- TASK DIRECTIONS
Quote the listing below in its entirety, omitting every image.

- INFORMATION PROVIDED
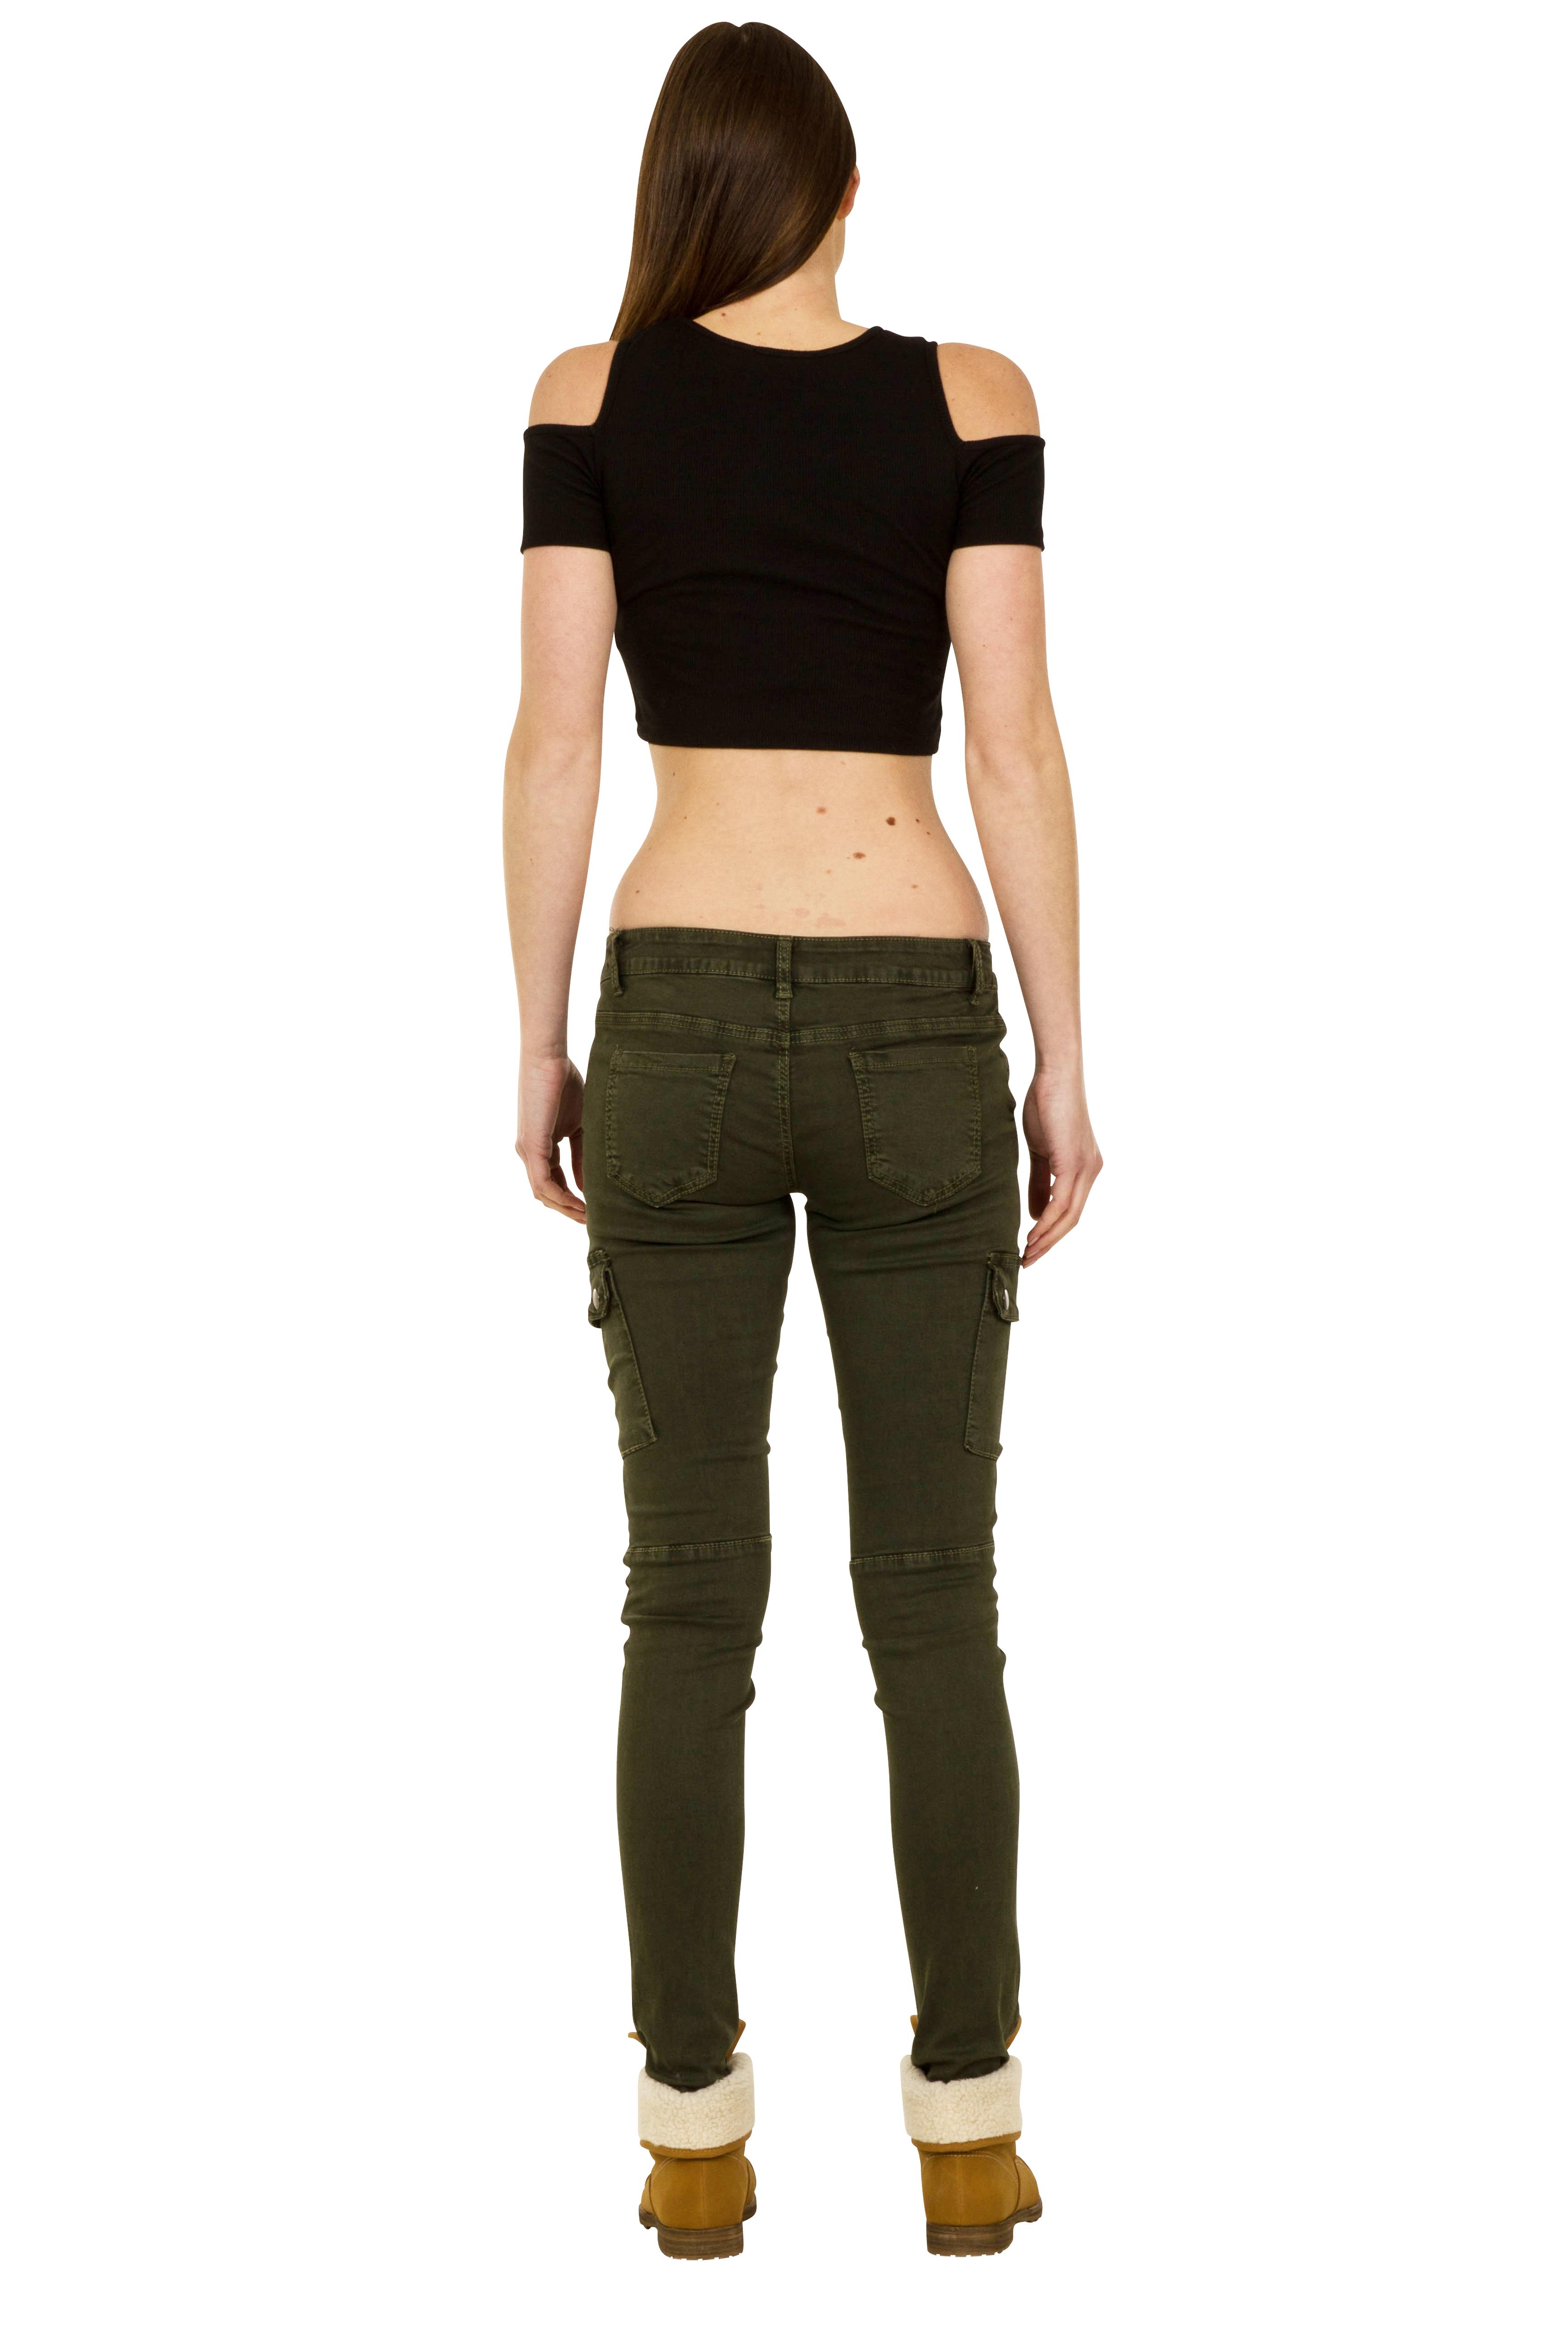 Fantastic Green Cargo Pants Skinny Pants Dark Blue Skinnies Grey Cargo Pants
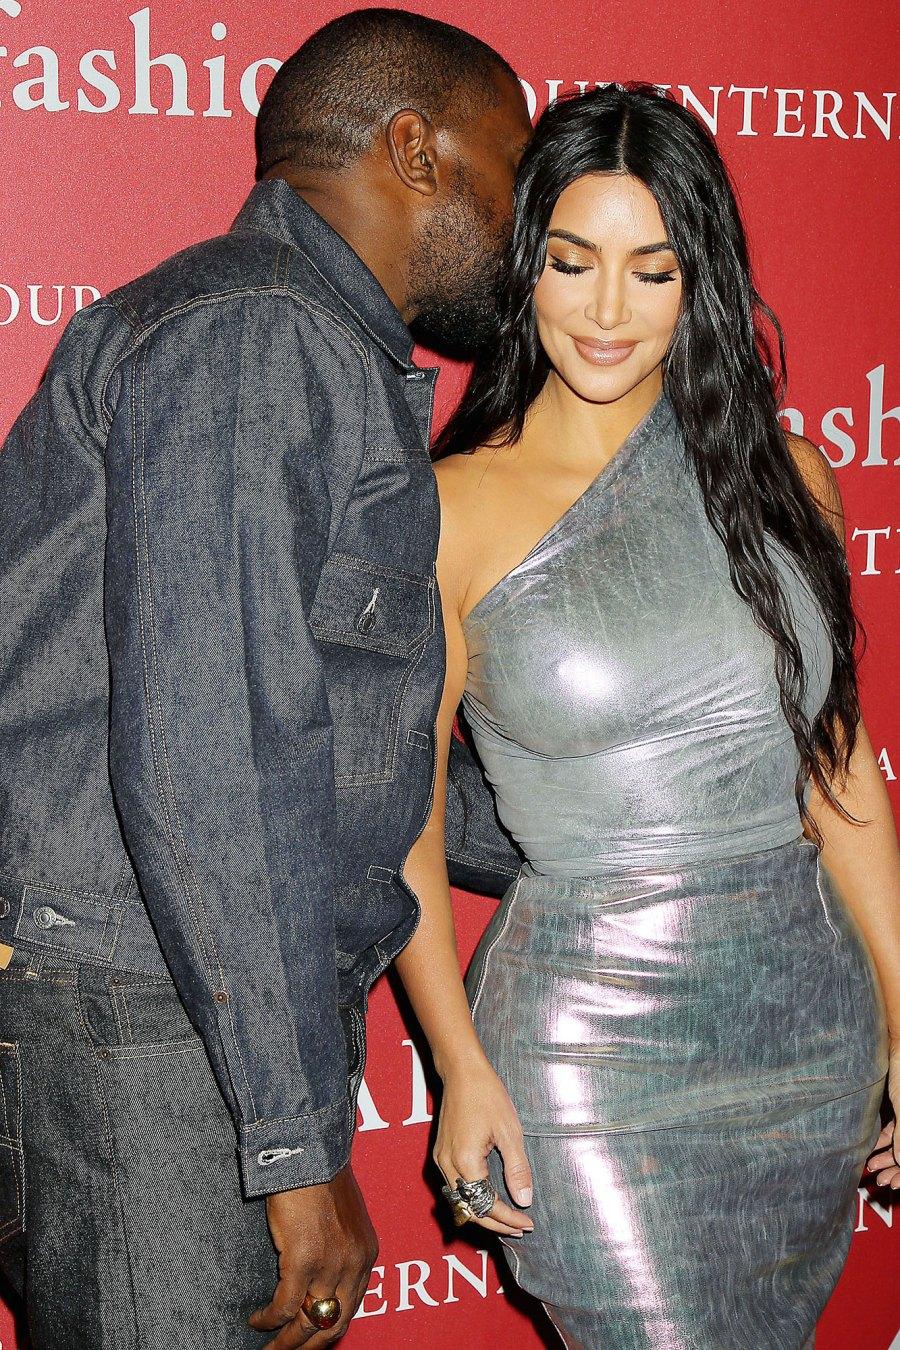 All Times That Kanye West Seemingly Referenced Kim Kardashian Donda
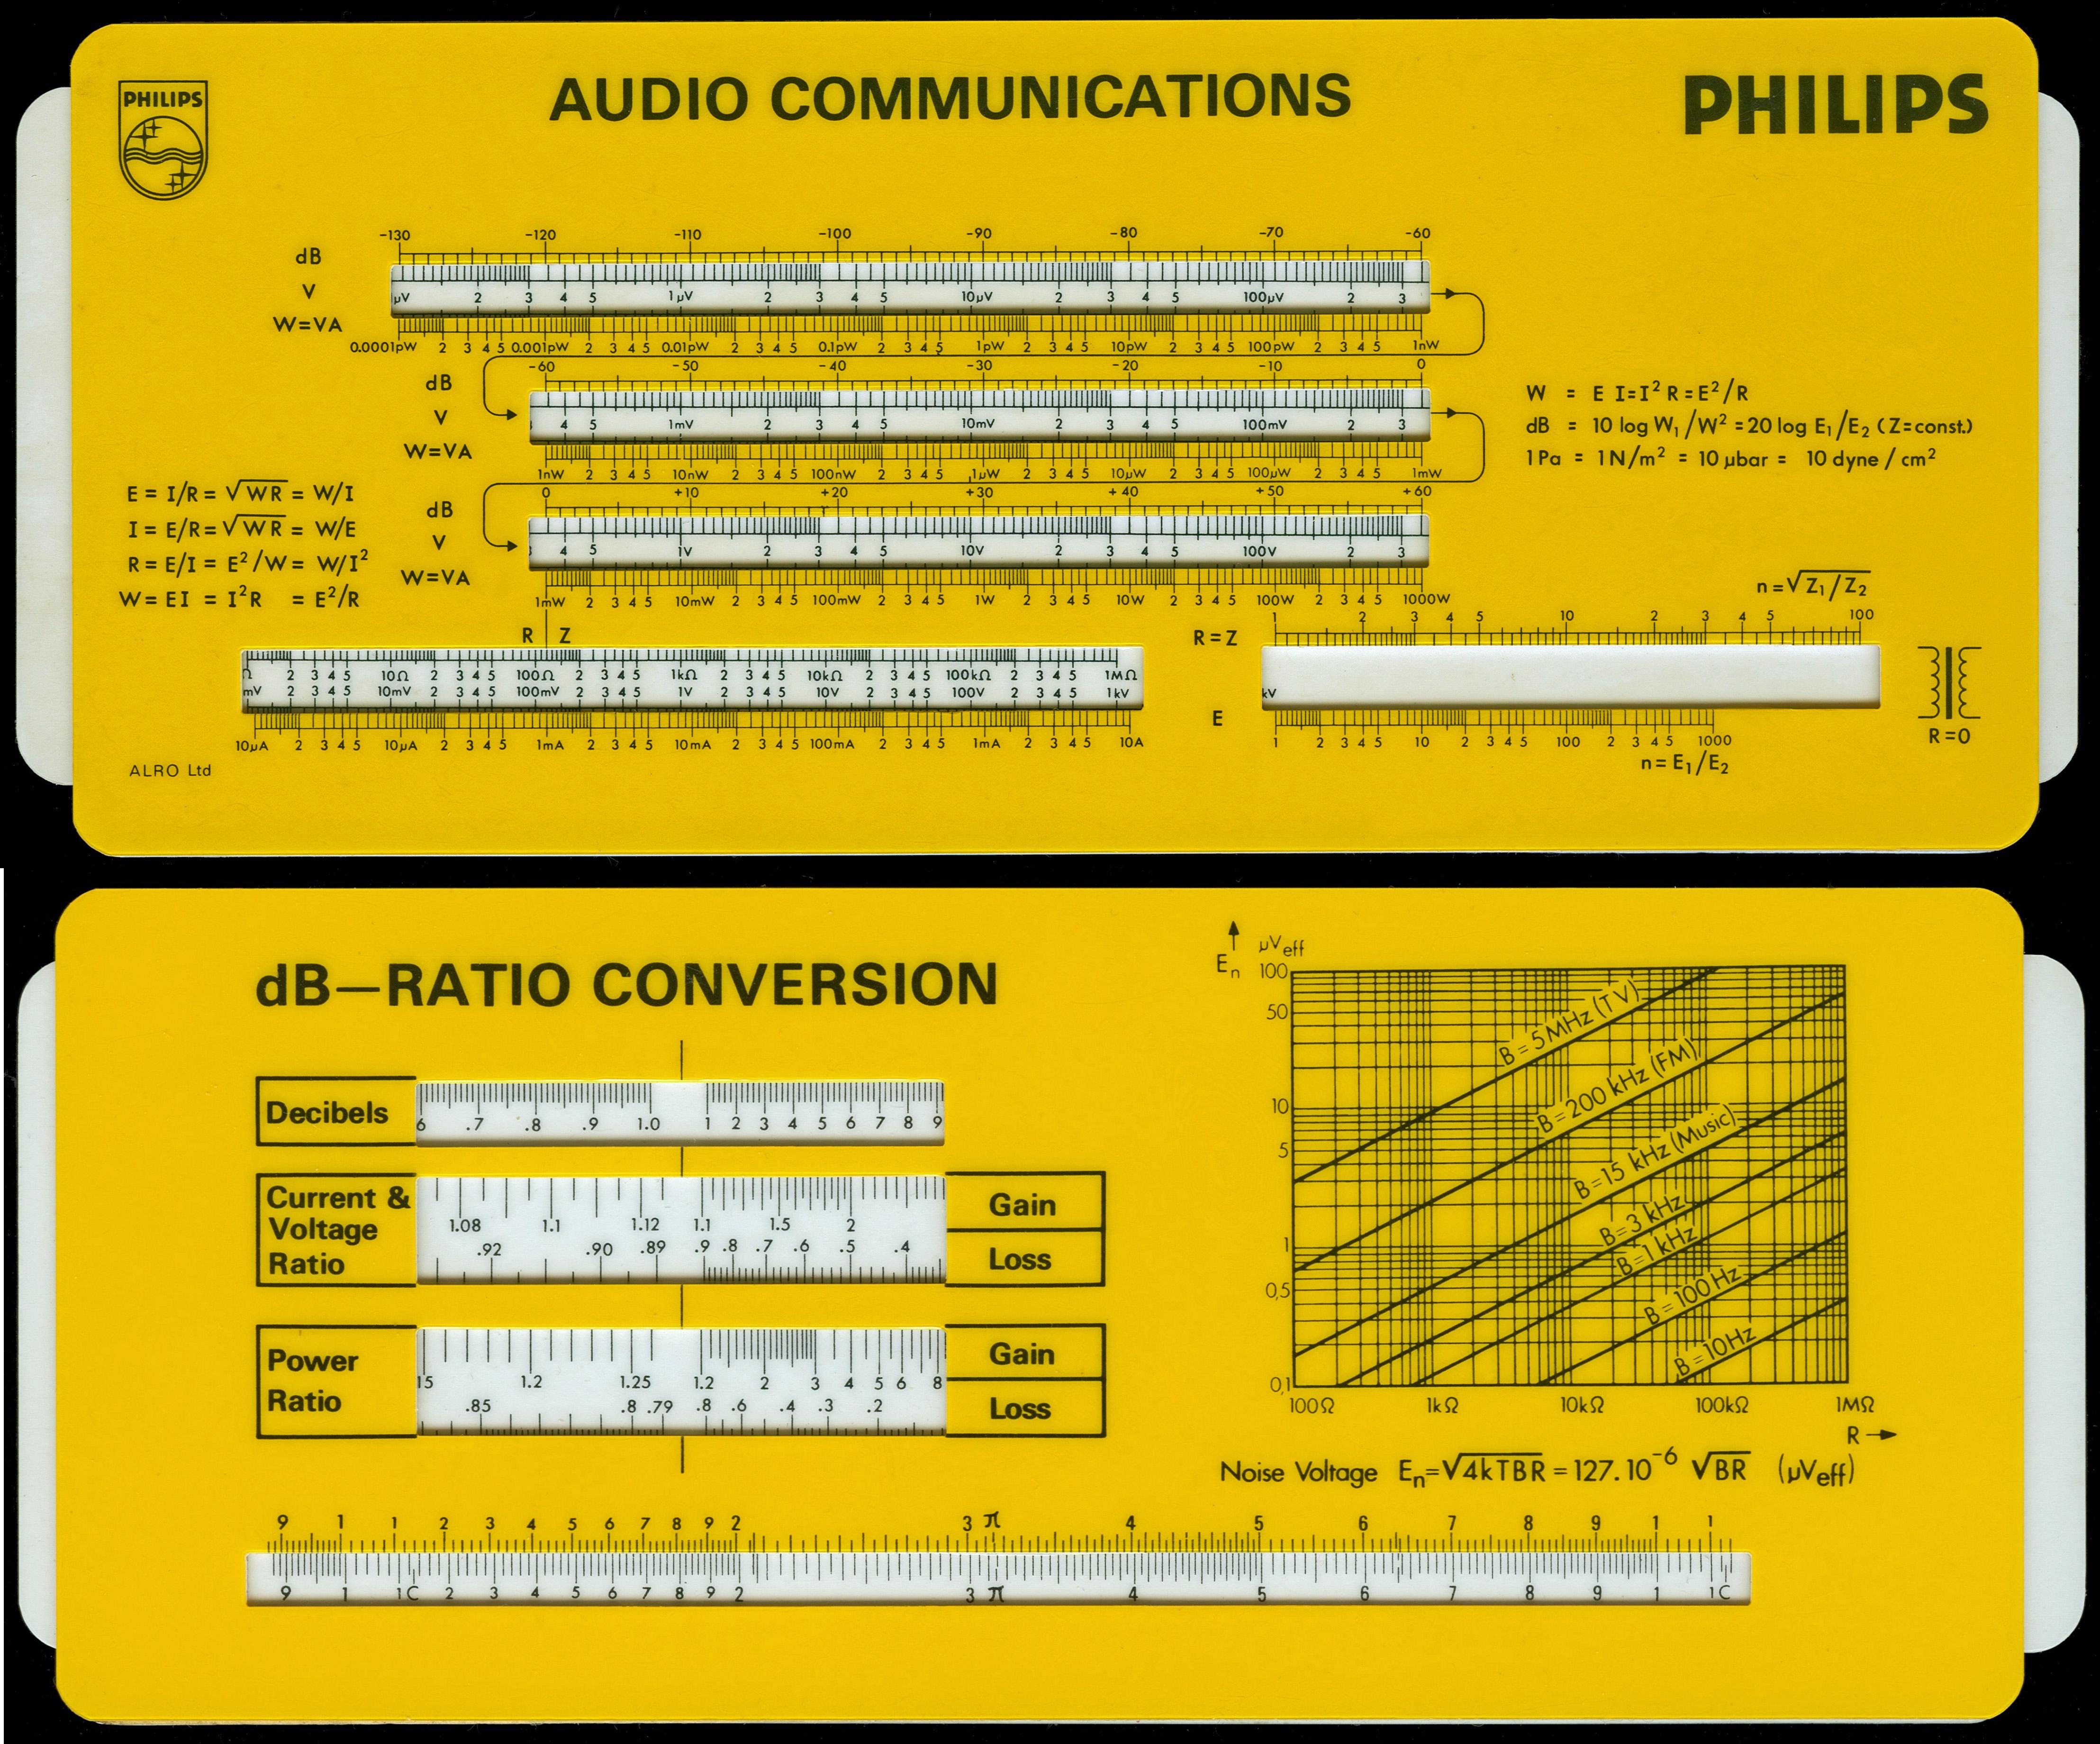 ALRO PHILIPS AUDIO COMMUNICATIIONS (AC-3.02) Electro/Conversion

- SOLUTION TO THIS PROBLEM
 Fantastic Green Cargo Pants Skinny Pants Dark Blue Skinnies Grey Cargo Pants
 All Times That Kanye West Seemingly Referenced Kim Kardashian Donda
 ALRO PHILIPS AUDIO COMMUNICATIIONS (AC-3.02) Electro/Conversion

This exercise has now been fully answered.